__Exercise__.
Repeat only the lines below that run from the line with "Fish koi black and red icon logo vector v5" to the line with "IBM 770 manual X-4 Index", ends included; skip every picture.

__Data__.
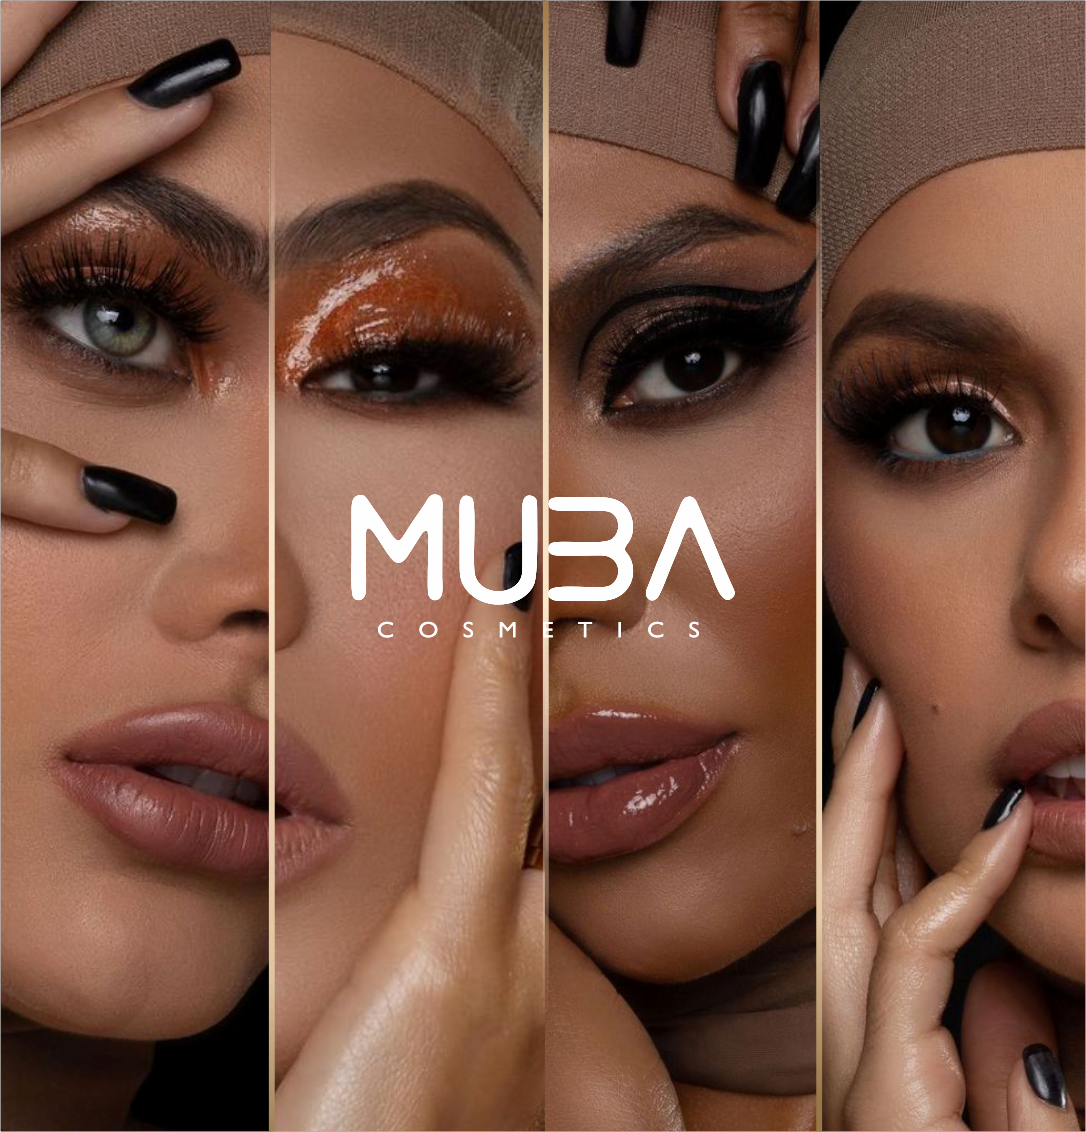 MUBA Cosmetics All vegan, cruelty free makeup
==
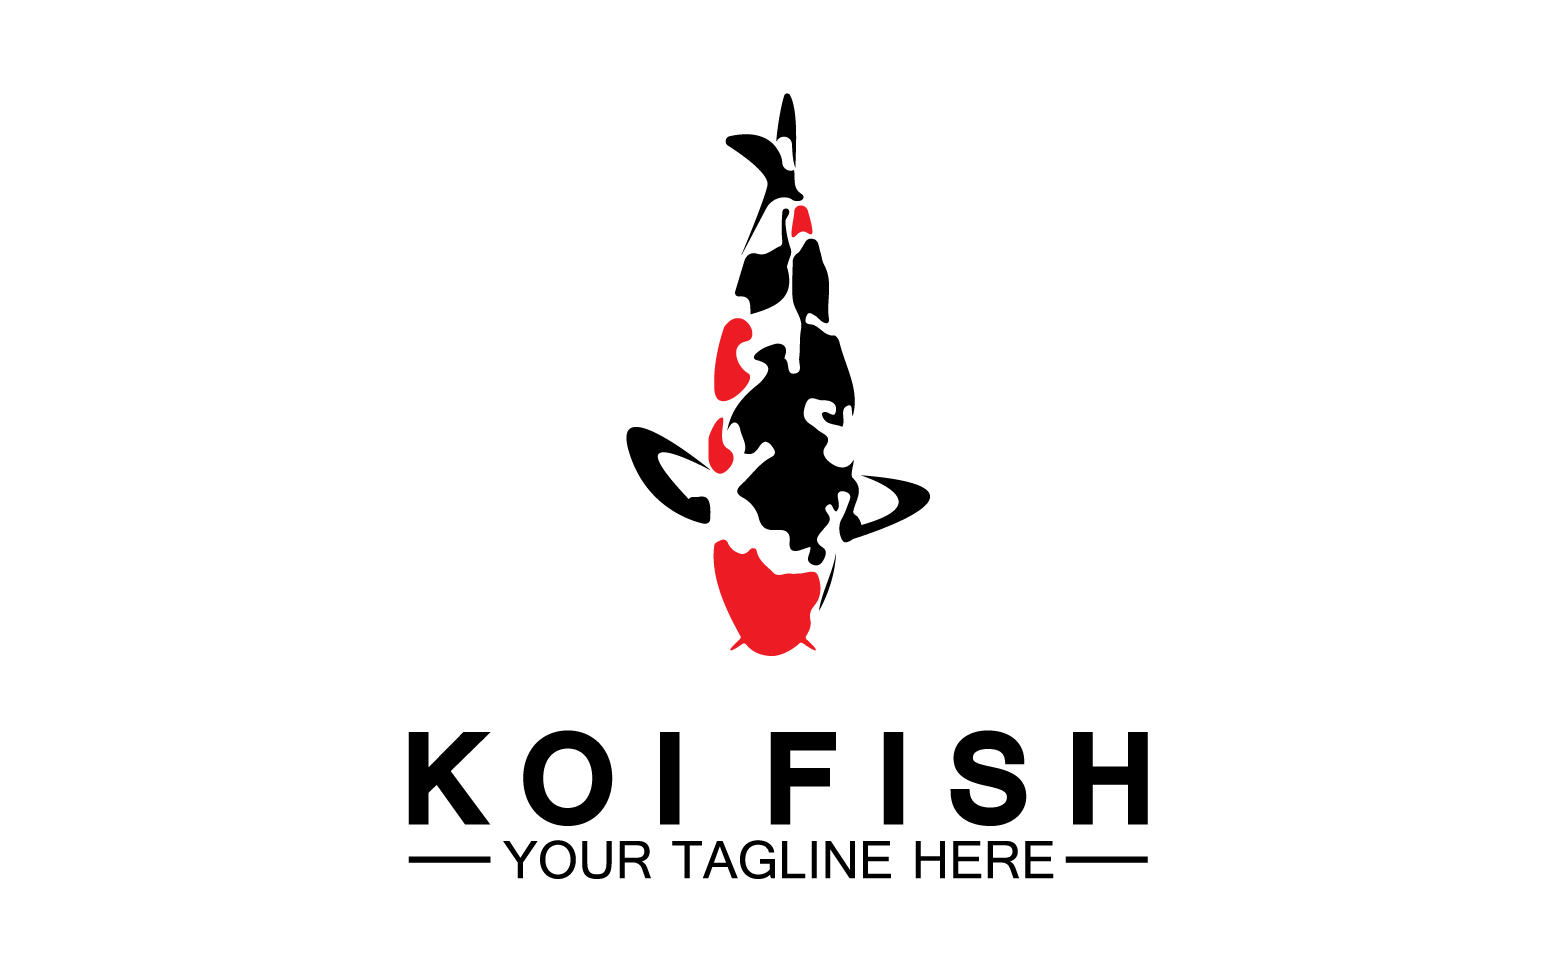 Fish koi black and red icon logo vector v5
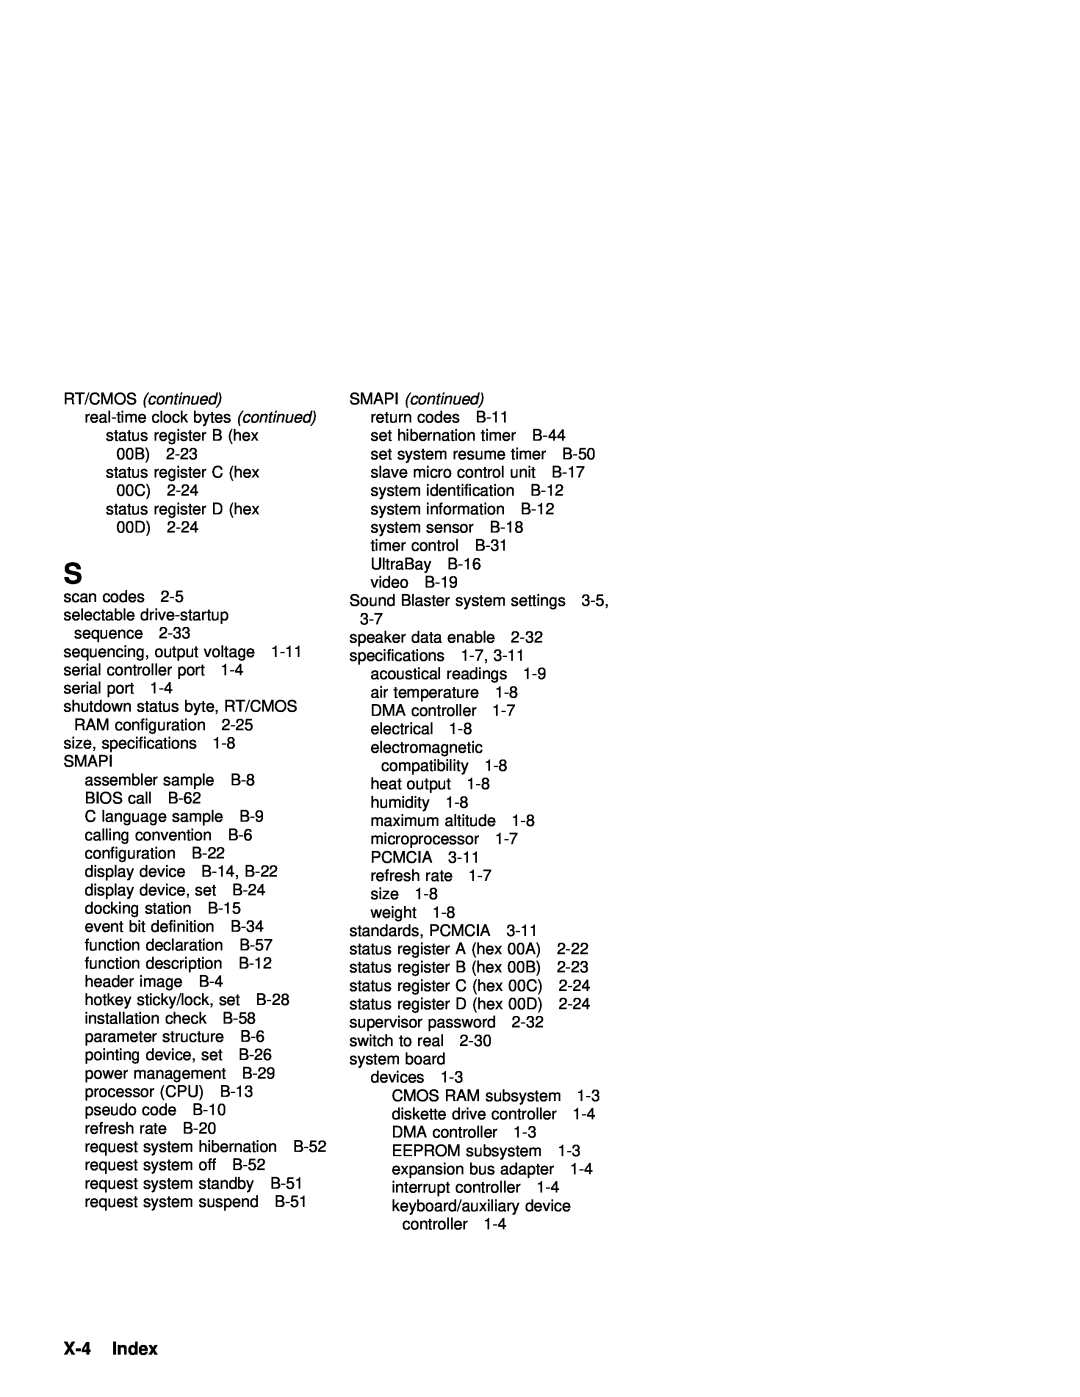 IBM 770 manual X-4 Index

__Task result__.
 Fish koi black and red icon logo vector v5
 IBM 770 manual X-4 Index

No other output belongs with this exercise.